Advice for the Chronically Religious
Dear numbsain,
My husband and I are trying to have a child but we’ve been unsuccessful. We’re Amish and I think our strict rules about bedroom activities may be the reason Belyle isn’t getting, uh, in the mood. Normally we remain fully clothed but we wear special attire which allows that sort of thing. I was wondering if you had any ideas about how I could spice things up in the bedroom so Belyle can get more, well, ready.
Covered Head to Toe
Dear Head,
Your husband does not need you to spice things up to get an erection. The rules of your religion have worked for generations and there’s no reason to change them. Tell him to think of the glory of God. That should get him stiff as a rock. If not, you might try getting a strap-on and giving it to him in the apse before the eyes of god. Does your religion say anything about nipple clamps? Just a thought.
Dear numbsain,
I am a three time born again Christian and I have been using a lot of self help techniques and positive affirmations to stop feeling like such a worthless piece of trash but I’m so dense that it’s not working. I know this is a stupid question because my mom tells me I’ve always been stupid.
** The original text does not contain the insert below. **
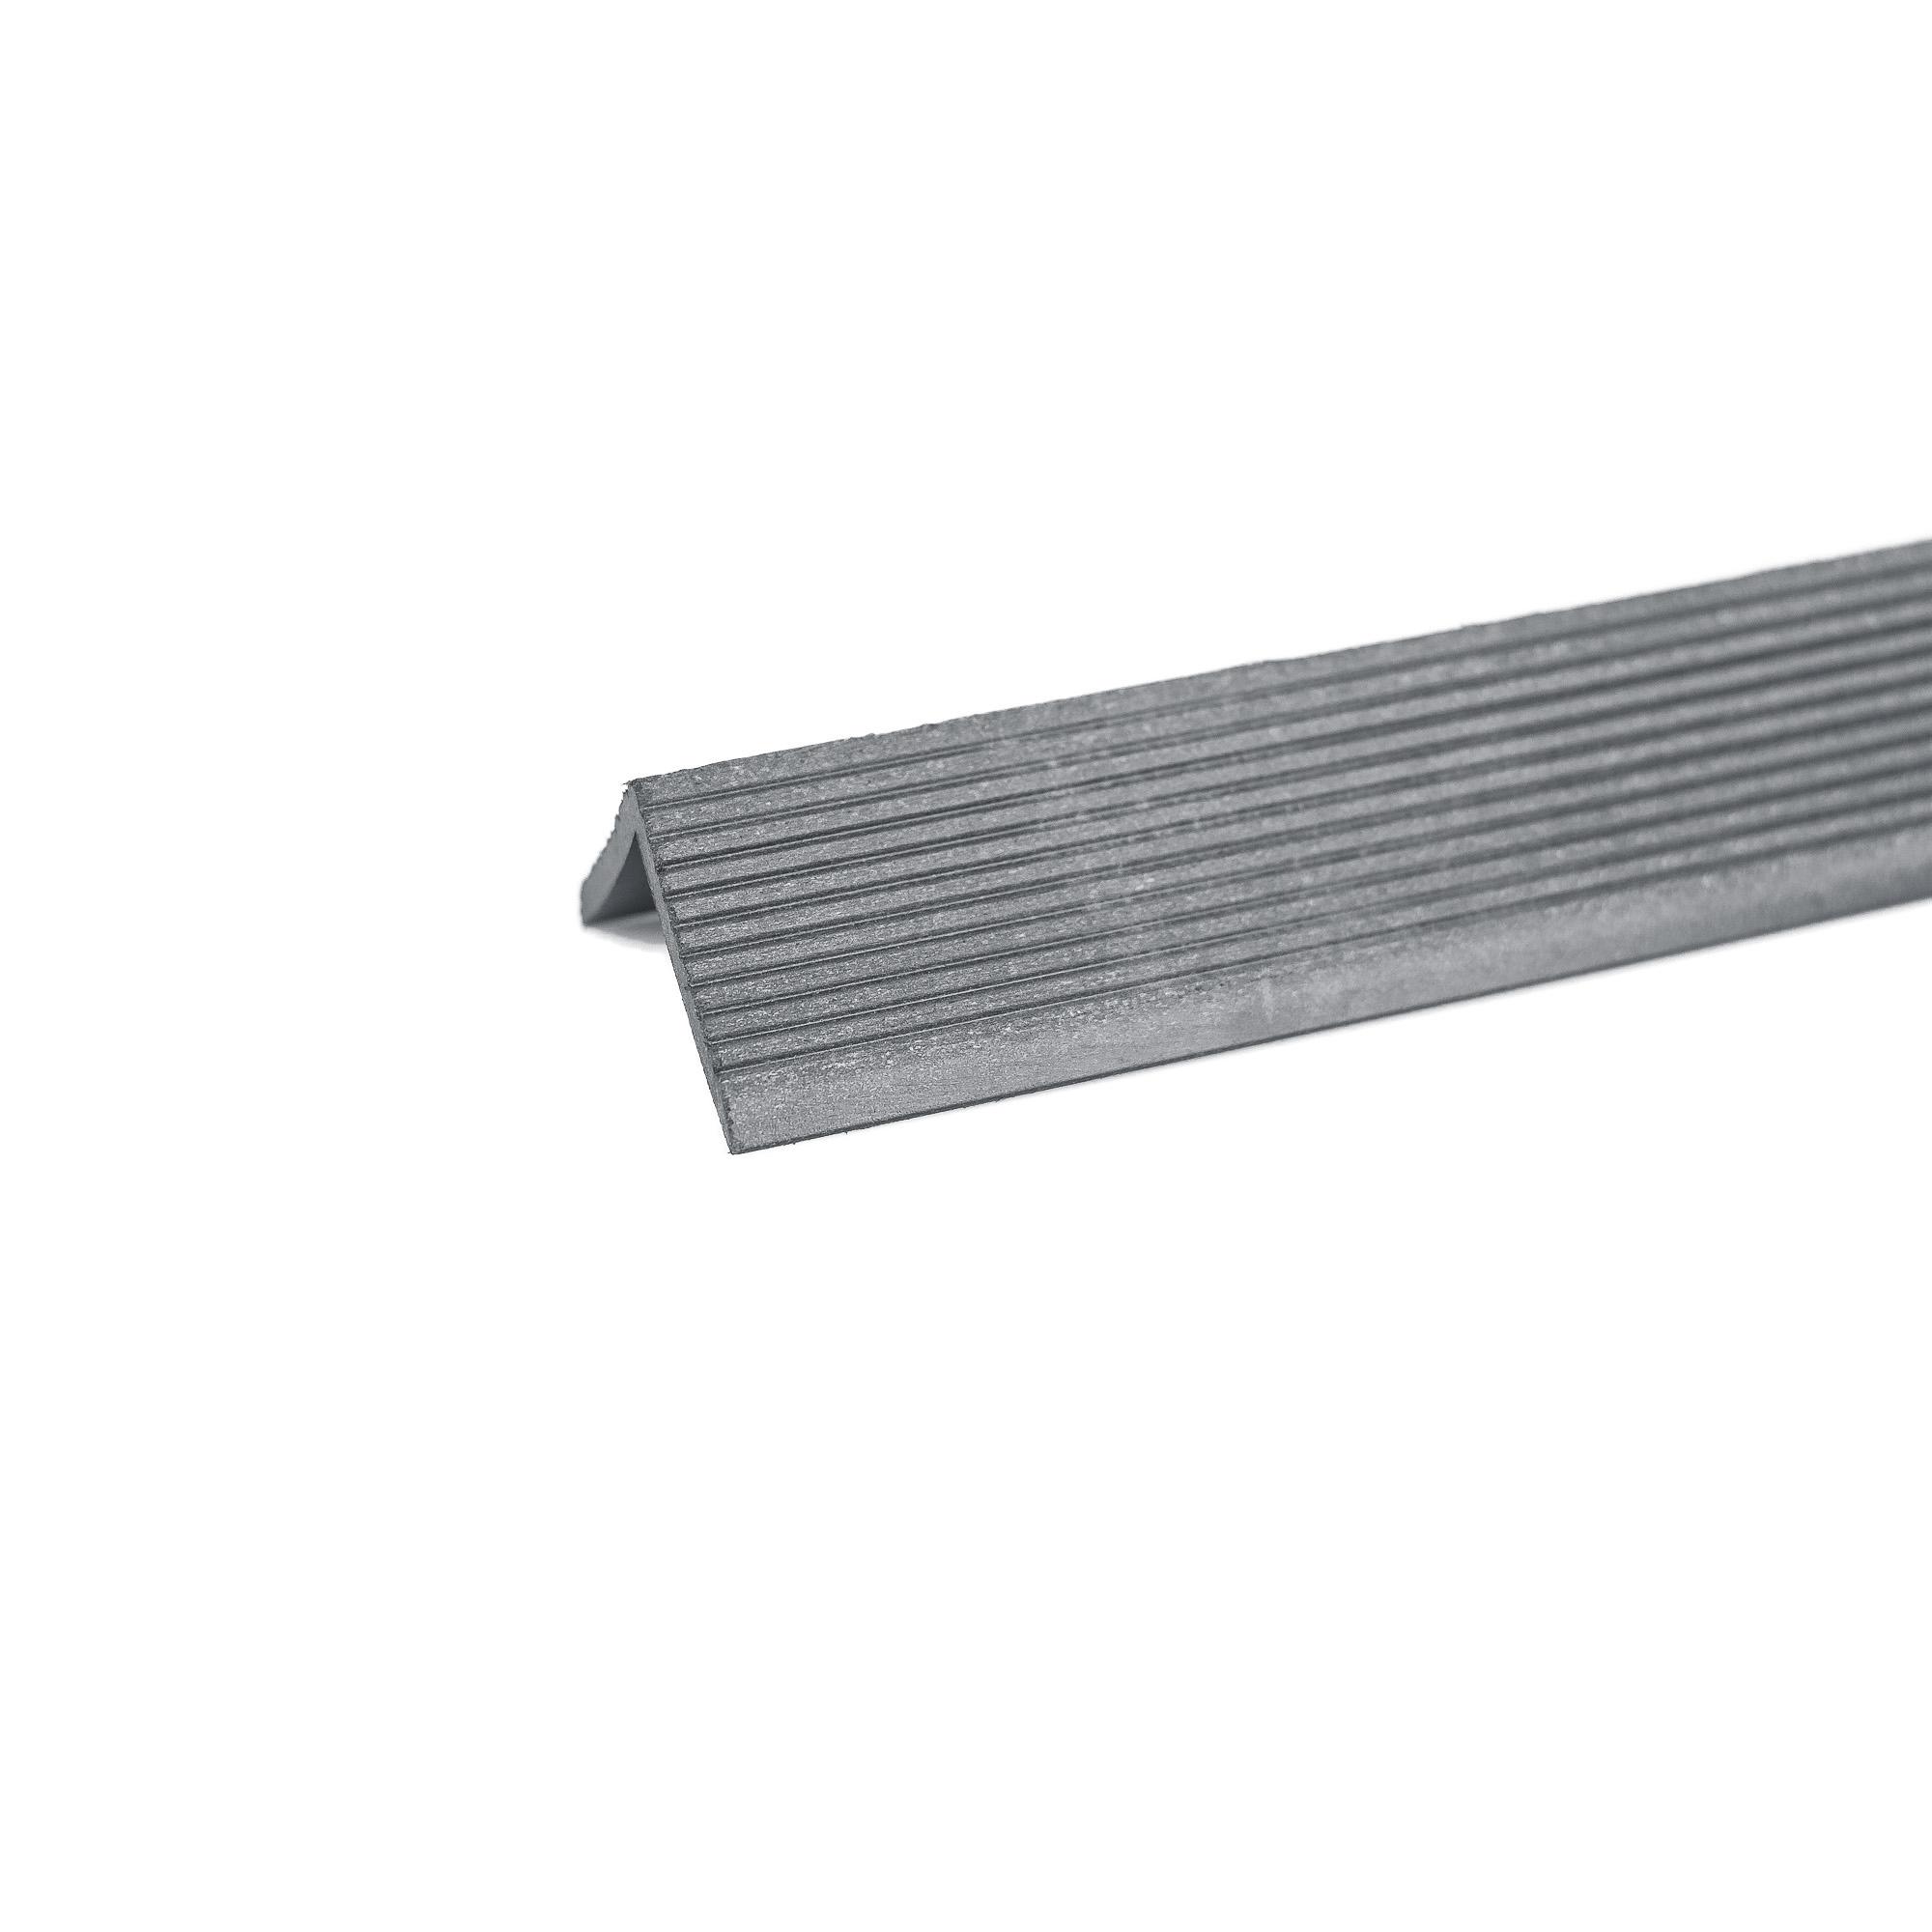 Profil colt WPC Bencomp, gri, 50 x 50 x 2000 mm imagine MatHaus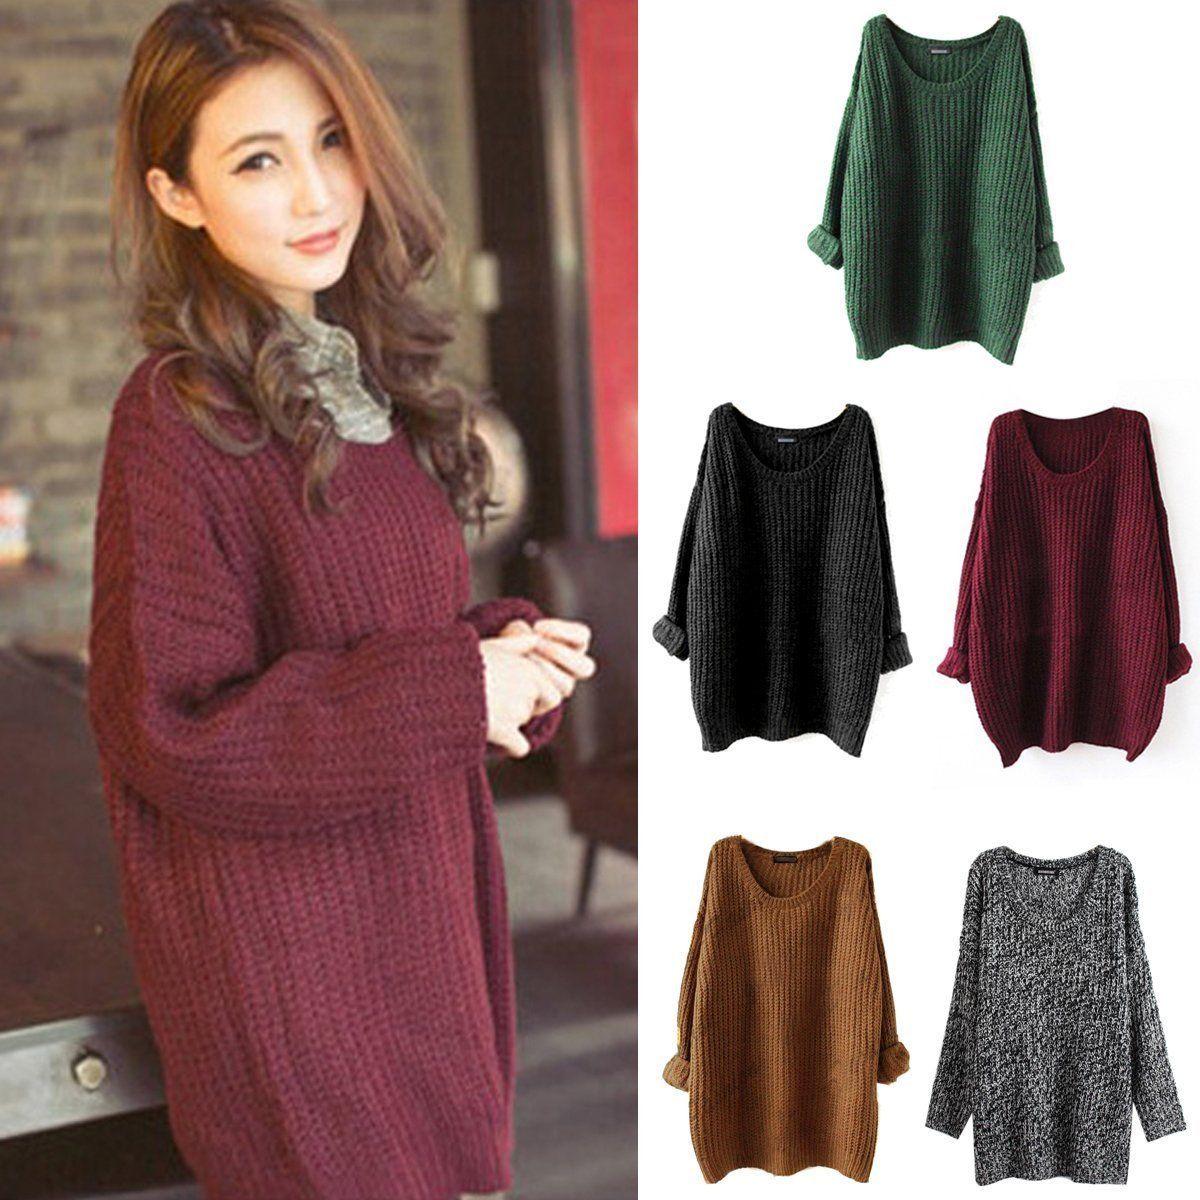 c4bb842f84fe Women Oversized Loose Long Sleeve Knitted Sweater Jumper Cardigan ...

I’m such an idiot for believing her, but my stupid question is, am I really just being a moron for trying to use self help when I’m obviously hopeless?
Not so bad really
Dear bad,
Try this positive affirmation; “I’m not a worthless piece of shit, I’m stupid for thinking I am” and just repeat that over and over until you get it through your thick skull. Just kidding! Okay here’s what you have to do. Get two pieces of wire and and stick one in each ear. Take the loose ends and insert them into a power outlet. This should wipe your brain clean. When you’re back to “mama,” then talk to me.
Dear numbsain,
We’re Jehovah’s witnesses and the other day we were going door to door proselytizing to strangers. One man opened the door and we went inside only to find that he was not wearing any trousers and standing at attention! I knew what was going to happen next so I rushed the children out the door and distracted the man while they escaped. I flung myself onto his bulging male member and pummeled it with my loins until it was unable to do any harm. Do you think I committed a sin? I was only thinking of the children.
Good Samaritan
Dear Samaritan,
That was you?! HA-hahahahaha Yeah! When you comin’ back baby? You were awesome!
Dear numbsain,
I was raised Mormon and Mormon is the best religion of all. We’re the most informed and the most intelligent. We even have our own book. So why am I a 45 year old virgin and I’ve never even seen my own vagina?
George the Mormon
Dear George the Moron,
The lord works in mysterious ways.
Dear numbsain,
My family is Catholic. People say Catholic women are promiscuous, slutty and get pregnant too young. That’s a stereotype and not all Catholic women are like that. I have a beautiful daughter who just had her Basmitsvah! I’m glad I didn’t make the same mistake my mother did having me when she was 14. I feel bad for my mom because now she’s 39 and she looks old.
Know Better
Dear No Better,
You blithering idiot, obviously you were not able to complete junior high due to pregnancy, otherwise you would know that you not only revealed to me that you had your child when you were 12, further evidence that Catholics are sluts, but also that you’re actually Jewish! Which means...Hey! O-o-o-oh, I get it. You think your slick, making an anti-Semitic statement to divert the attention off of Catholics.
Dear numbsain,
If a Seventh Day Adventist sang “Six Days on the Road” with Johnny Cash, but the bank put a Five Day Hold on a check over a Four Day Weekend, then he had Three Day Blinds shipped Second Day Air, how many One A Day multiple vitamins should he take?
Latter Day Saint
Dear Latter Days Ain’t,
Unless you’re Zero Mostel, blast off!
Dear numbsain,
What is the difference between a Catholic Priest and acne?
Bobby (12 years old),
Dear Bobby,
Acne won't come on your face until your thirteen.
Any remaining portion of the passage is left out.